第22話:アーバンガールvs落ち武者〜仁義なき部室の陣取り合戦〜
どこにでもある少し田舎の県立高校。そして、旧校舎の片隅にある歴史研究部。
ここは引退した先輩たちが残してくれた、学内で唯一の静寂なるシャングリラ……のはずだった。
放課後、僕が平穏な読書時間を求めて部室の扉を開けると、そこは既に風雲急を告げていた。
部室の中央に鎮座する長机。そのど真ん中に、なぜか真っ赤なビニールテープで一直線に『境界線』が引かれているのだ。
机の左半分(西軍)を占拠しているのは、一年生のアーバンガール・花見川 若葉だ。
彼女は自分の陣地にエスニック風のオシャレな布をテーブルクロス代わりに敷き詰め、エシカルなタンブラーで、自称『オーガニック・ハーブティー』を優雅に飲んでいる。

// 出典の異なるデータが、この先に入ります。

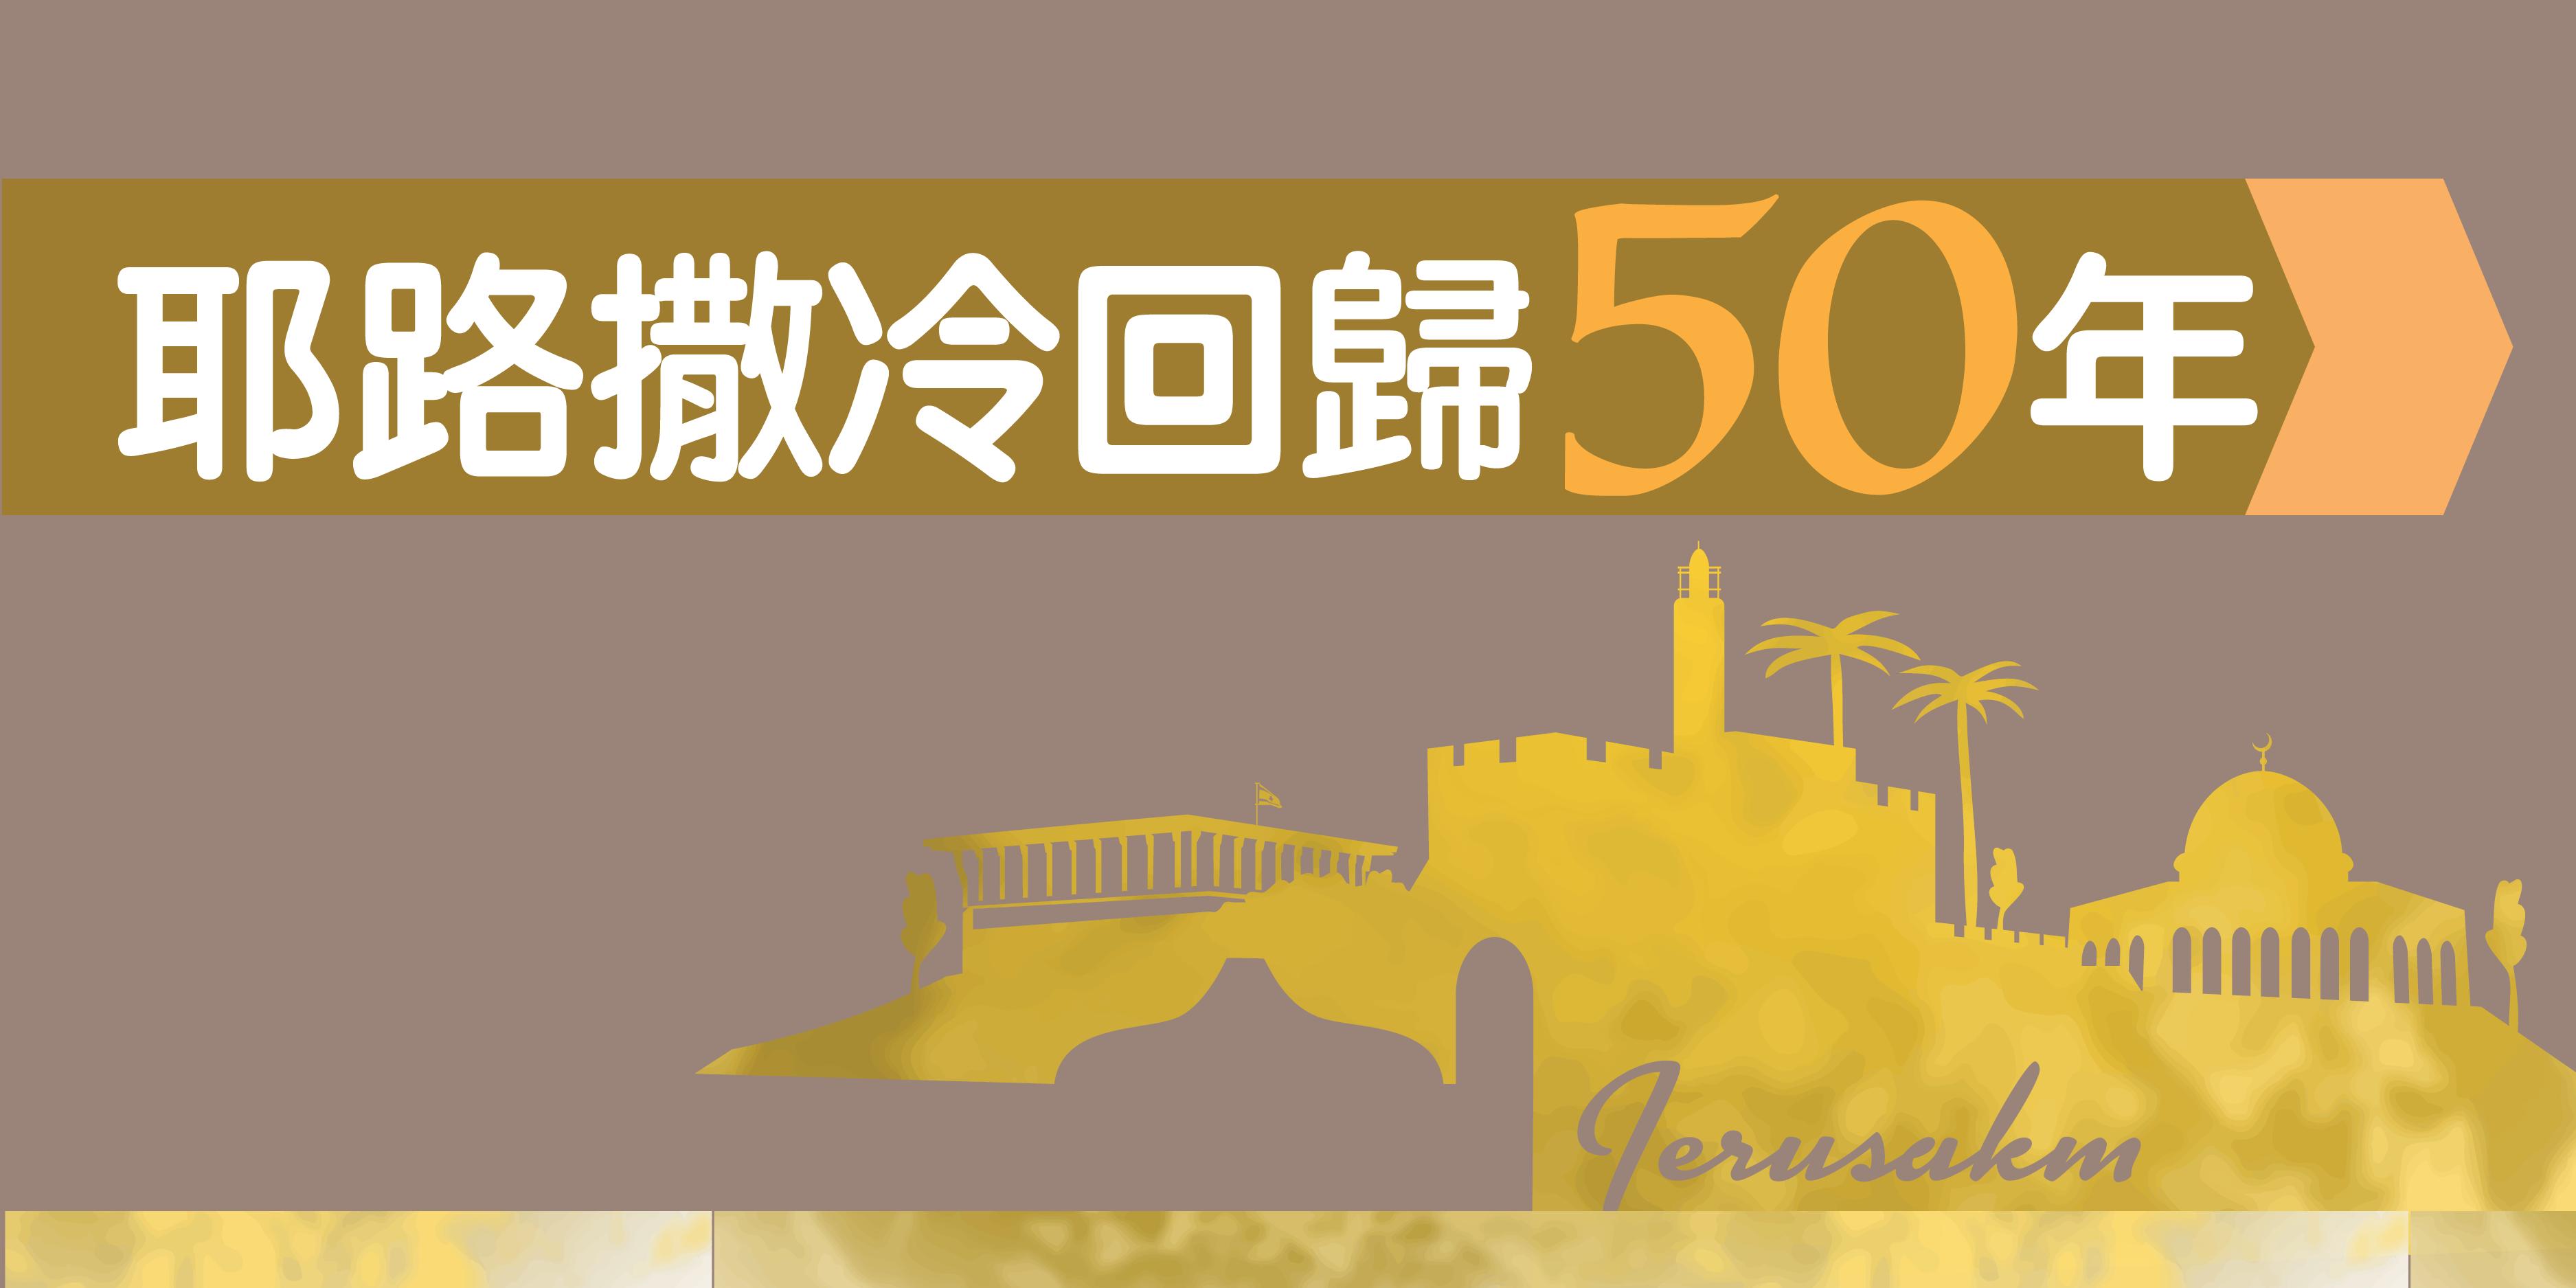 國度1分鐘(31) – 耶路撒冷回歸50年

傍らのスマホからは、優雅な『ボサノバ』が流れており、完全にここを『表参道のオープンカフェ』だと錯覚しているらしい。
対する机の右半分(東軍)に陣取っているのは、先日我が部のカオスに加わった時代錯誤の落ち武者・武石 胤久だ。
奴は100円ショップで買ったであろう安っぽい『すだれ』や『家紋柄の扇子』を並べ、筆ペンで『風林火山』と書かれた半紙を背後に掲げている。

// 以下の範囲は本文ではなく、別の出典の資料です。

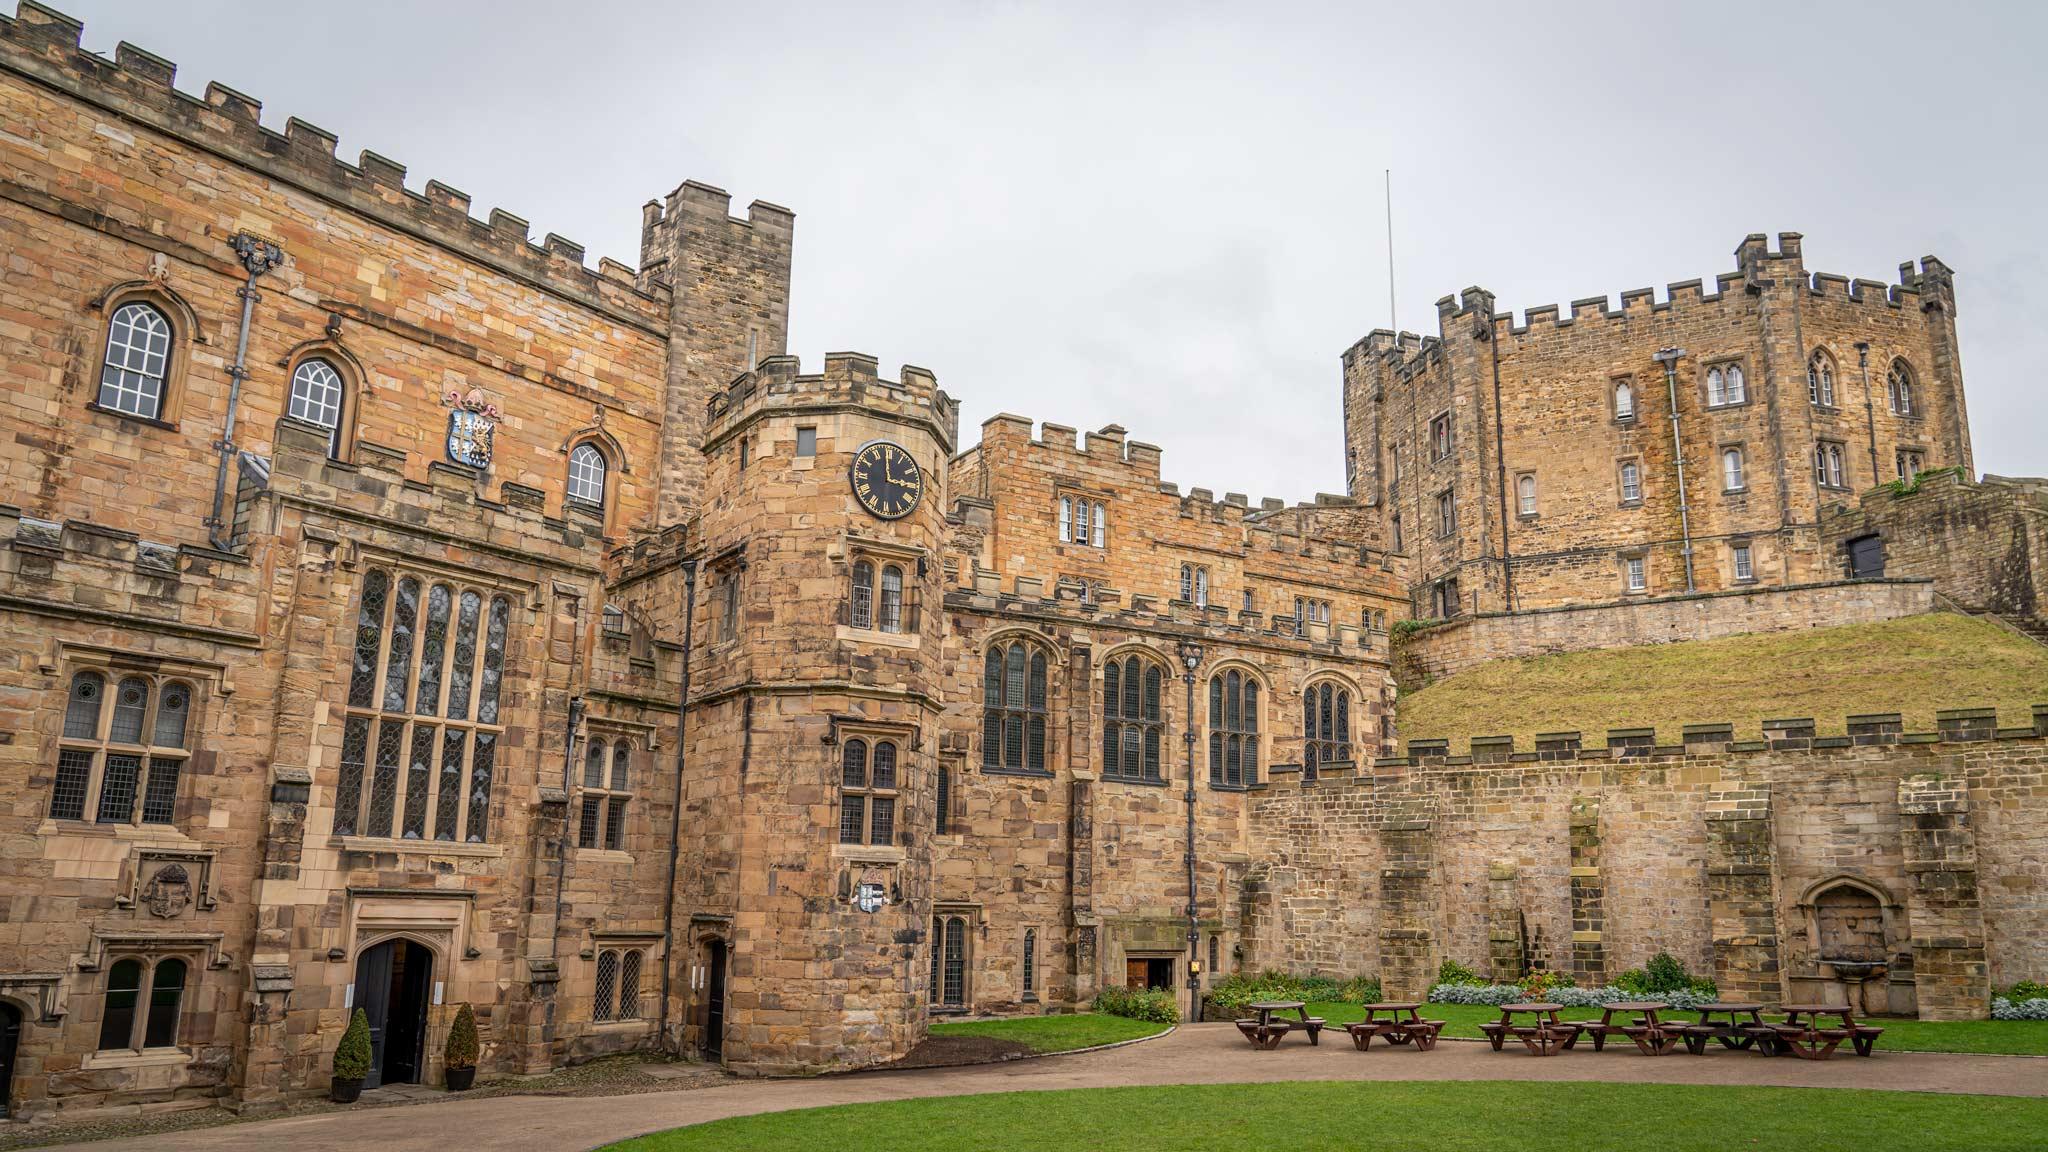 Vista exterior del castillo de Durham con una torre octogonal al lado

さらに極めつけは、机の上にテーブルクロス代わりに勝手に『ゴザ』を敷き、わざわざ袴姿で「武士の嗜みでござる」と渋い顔をして急須で『粉末の緑茶』を点てようとしているのだ。
おもちゃの刀をウェットティッシュで仰々しく拭きながら、彼のスマホからは絶え間なく『法螺貝の音』がエンドレスリピートで垂れ流されていた。
優雅なボサノバと、雄叫びのような法螺貝の音が不協和音を生み出す狂気の空間で、水と油の一年生二人が醜い口論を繰り広げていた。
「ちょっと! 机の上にカビ臭いゴザなんか敷かないでよ! 全然アーバンじゃないし、そのお茶、農薬たっぷりで地球環境に優しくないわよ!」
「ええい、黙れ『若狭』! その南蛮被れの草の汁の匂いこそ、武士の精神統一を削ぐわ!」
武石の奴、自分を『下総国』の『掾』に見立てた上で、若葉を遠く離れた『若狭国』の、さらに自分より一つ下の役職である『目』扱いにして見下しているらしい。
姑息で斬新なマウントの取り方だ。
「誰が『若狭』か! その胡散臭いホラ貝の音、止めてくれない!? 私のアーバンなティータイムが台無しなんですけど!」
「其方こそ、境界線から数ミリ、貴様の布切れが某の領地に侵入しておるぞ! 無作法で詫び寂びの心を知らぬ阿呆な女子でござるな!」
横文字でマウントを取る若葉と、古語と精神論で煽る武石。
全く言語が噛み合わないまま、部室での醜い言い争いはヒートアップしていく。
「なるほど!」
言い争う二人の間に、我が歴史研の厄災・里見 結菜が嬉々として割って入った。
彼女は机に引かれた赤いテープを見るなり、いつもの陰謀論スイッチをカチリと入れた。
「これは日本の敵対諸国による、日本人同士を対立させて国力を弱体化させる分断工作ですね! 大丈夫です、私がこの中立地帯(緩衝地帯)に立って、平和的に日本人を団結させましょう!」
そう言って、里見さんが赤いテープの真上にドンッと並べたのは、異常な三つのアイテムだった。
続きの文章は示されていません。